The plan for a “safe zone”, though, in its current form makes it difficult for the EU to accept it. The basic worry is that Turkey will force the resettlement of refugees inside the zone. This stems from Turkish authorities’ high motivation to mitigate concerns among Turks about the refugees and in response to polling showing some Syrians do not want to return (more than two-thirds of those polled say their return is dependent not only on the end of the conflict but also on a change of regime, if ever). Moreover, the project would most probably result in changing the ethnic composition of the area in favour of Arabs and at the expanse of the Kurds. This is because the plan’s first phase assumes the construction of new cities for only a million inhabitants, which means that another million or so refugees will have to be resettled into existing, and some predominantly Kurdish, cities. Arab-Kurdish tensions in the Syrian territories currently controlled by Turkey are problematic. If the only entity allowed to be responsible for protecting the “safe zone” is the Turkish army in cooperation with Arab militias, an intensification of these tensions is likely. This creates another risk for the EU, as the “safe zone” may strengthen Turkish-Kurdish tensions, which may spread to Europe through their respective diasporas. This is even more likely since the Turkish army’s operation east of the Euphrates will bring it into conflict with the YPG. Another key player is ISIS, which continues to fight as an insurgency after losing territory it had earlier overrun. A broader problem related to ISIS is the fate of its members (considered terrorists worldwide) who are being held in camps and prisons under SDF control. If the responsibility for their judicial processing falls on Turkey, it will also force the EU to cooperate in this field. In the short term, however, the biggest threat is if the YPG, when engaged in fighting with the Turkish army, loosens control over the facilities where the jihadists are held, they could rejoin and bolster ISIS in Syria or escape to Europe.
Conclusions and Prospects
According to the Turkish authorities, the “safe zone” will comprehensively solve their problems in domestic and security policy, which is why they are highly motivated to implement it. The pace and character of the process depend on the U.S. stance. The controversy that Trump's favour to Turkey has generated in the U.S. may slow down the Americans’ withdrawal from Syria, but probably won’t stop it. This may limit Turkey’s aspirations for the zone and delay the implementation of its project, but it is doubtful that it will lead to full abandonment. Even a possible UNSC resolution is unlikely to induce Turkey to abandon it.

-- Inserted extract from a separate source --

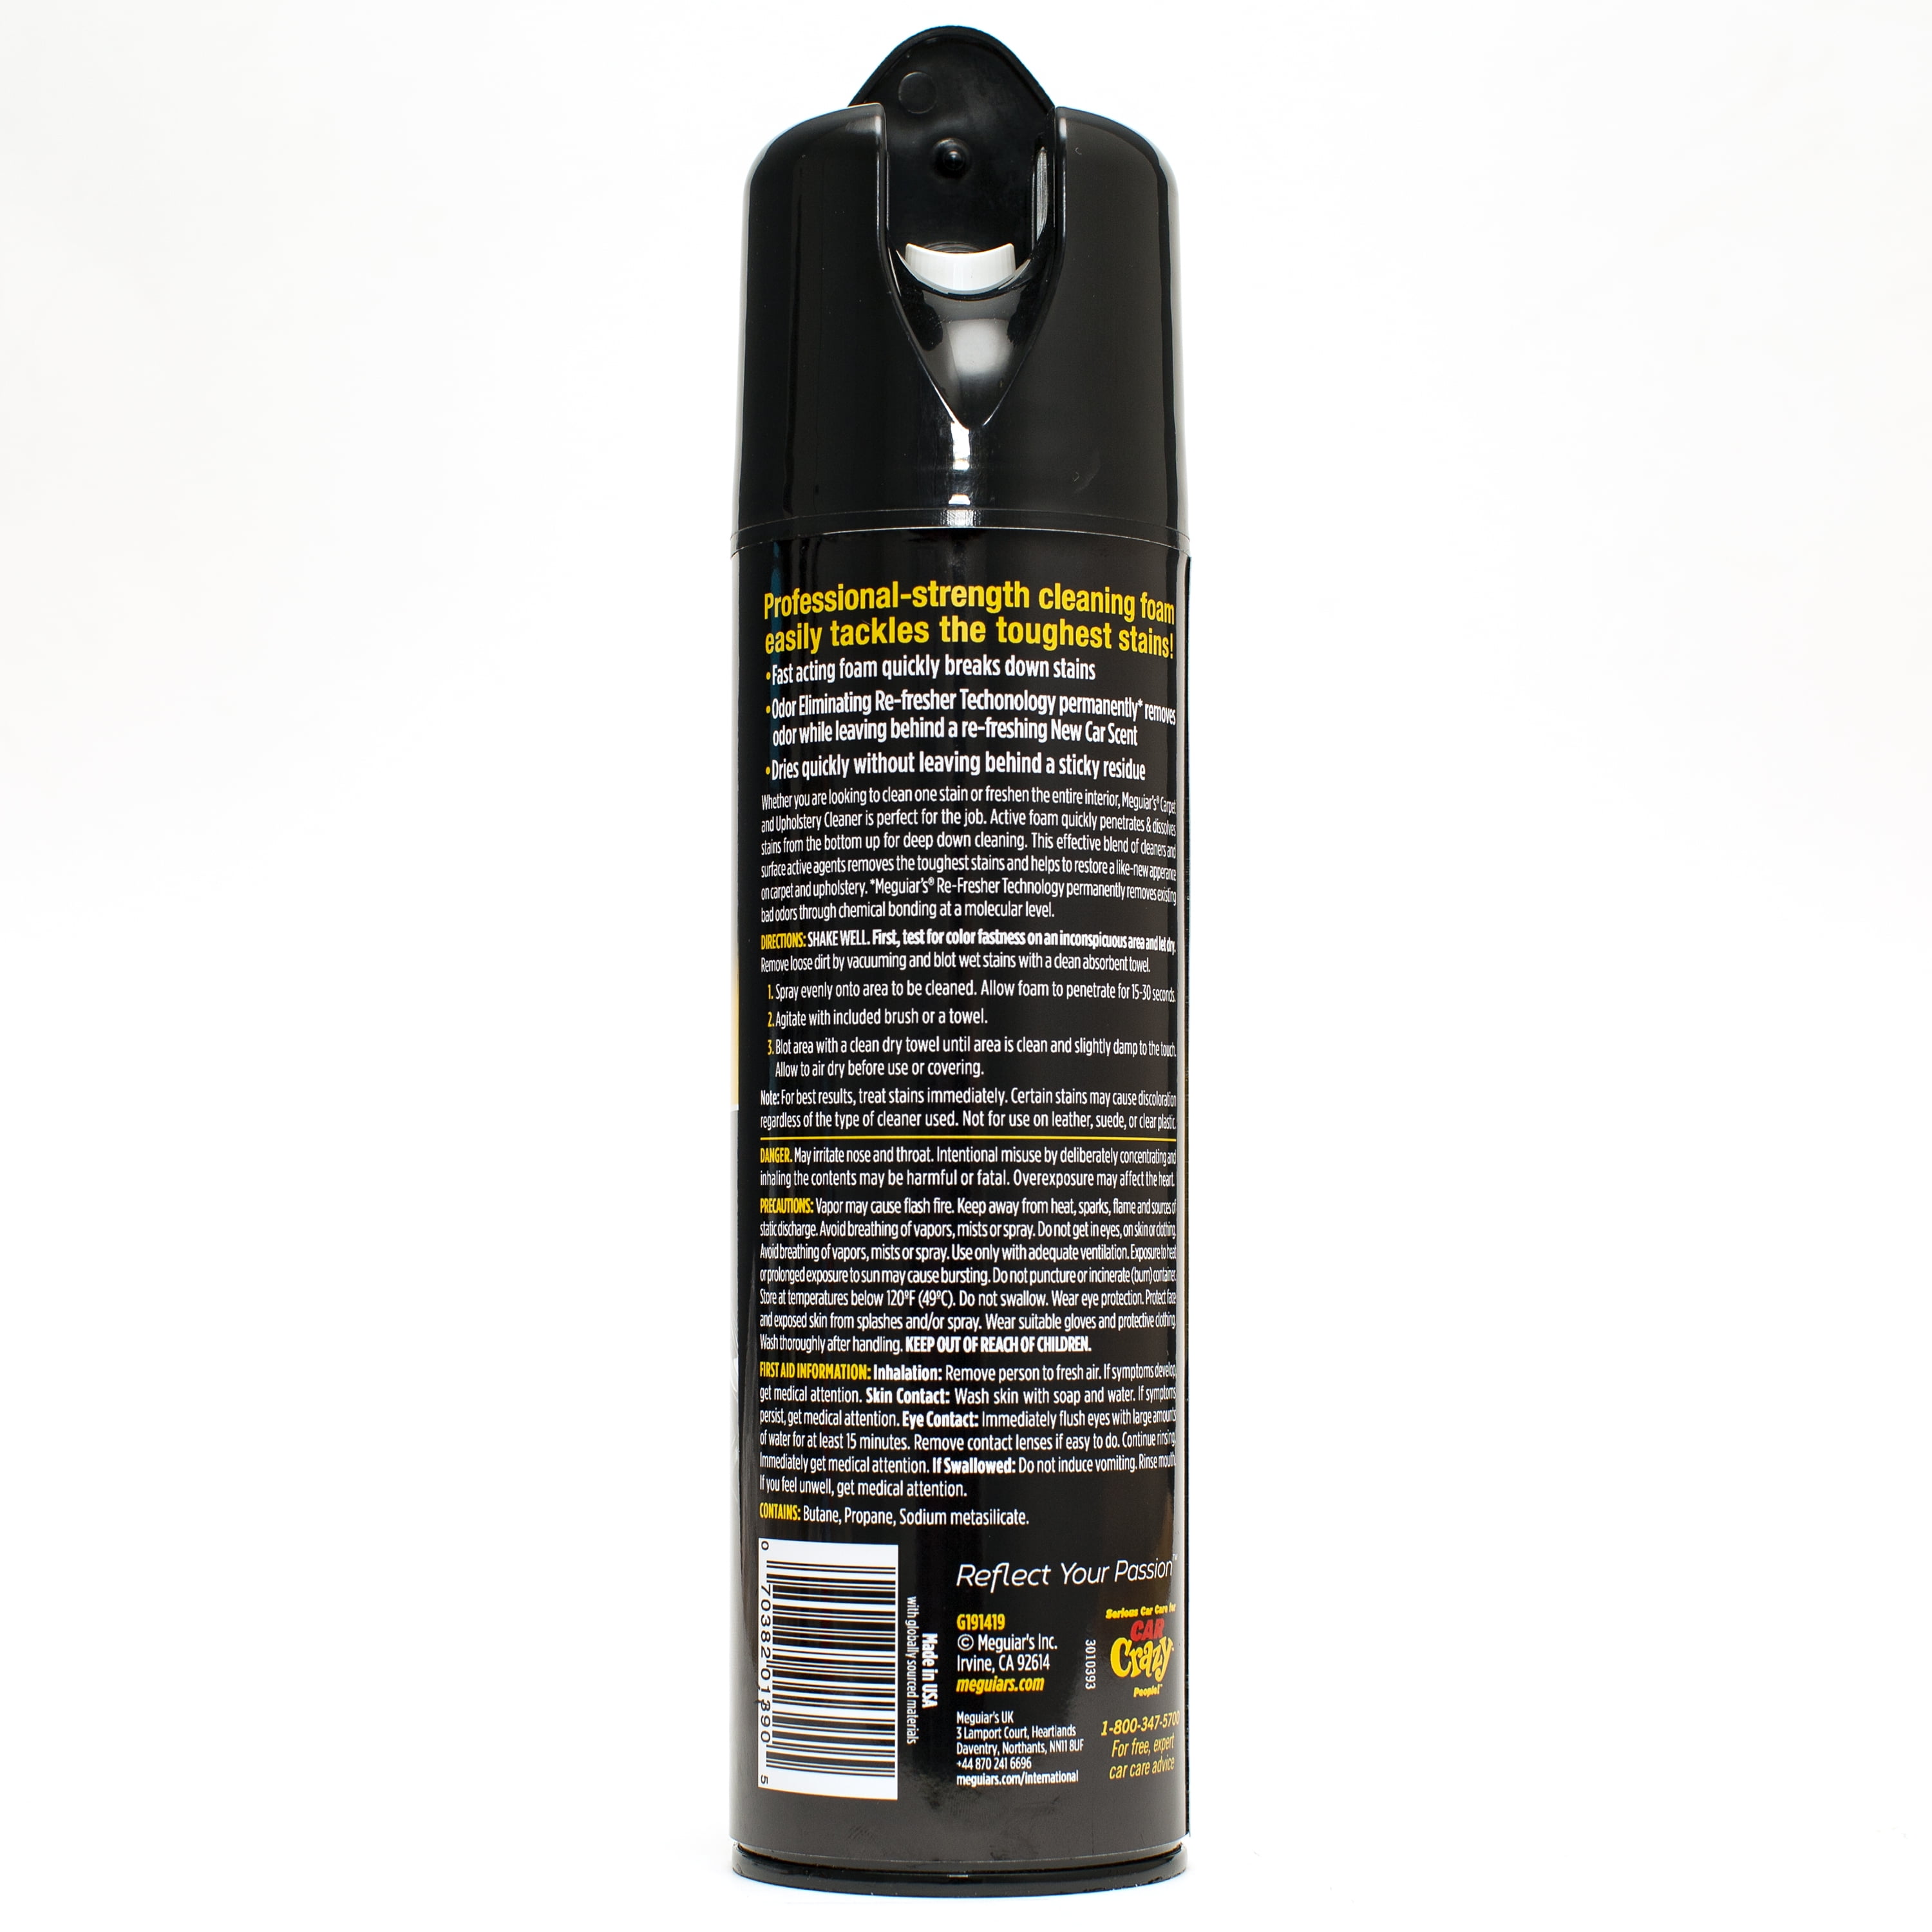 Henry's Professional Carpet and Upholstery Cleaner Refill

Limiting the size of the “safe zone” is in the EU’s interest. It is also crucial for the EU to reduce any tensions in Syria that the establishment of the zone brings. If Turkey allocates funds for the reconstruction of Kurdish cities in parallel with its own plans, this may help in this regard. The EU should also pressure Turkey to carry out relocation on a voluntary basis and ensure that the area is open to the activities of European non-governmental organisations. For the EU to get what it wants will require compromise on the Turkish side. The high cost of the zone project will most likely prompt Turkey to ask for EU financing, giving the EU additional leverage.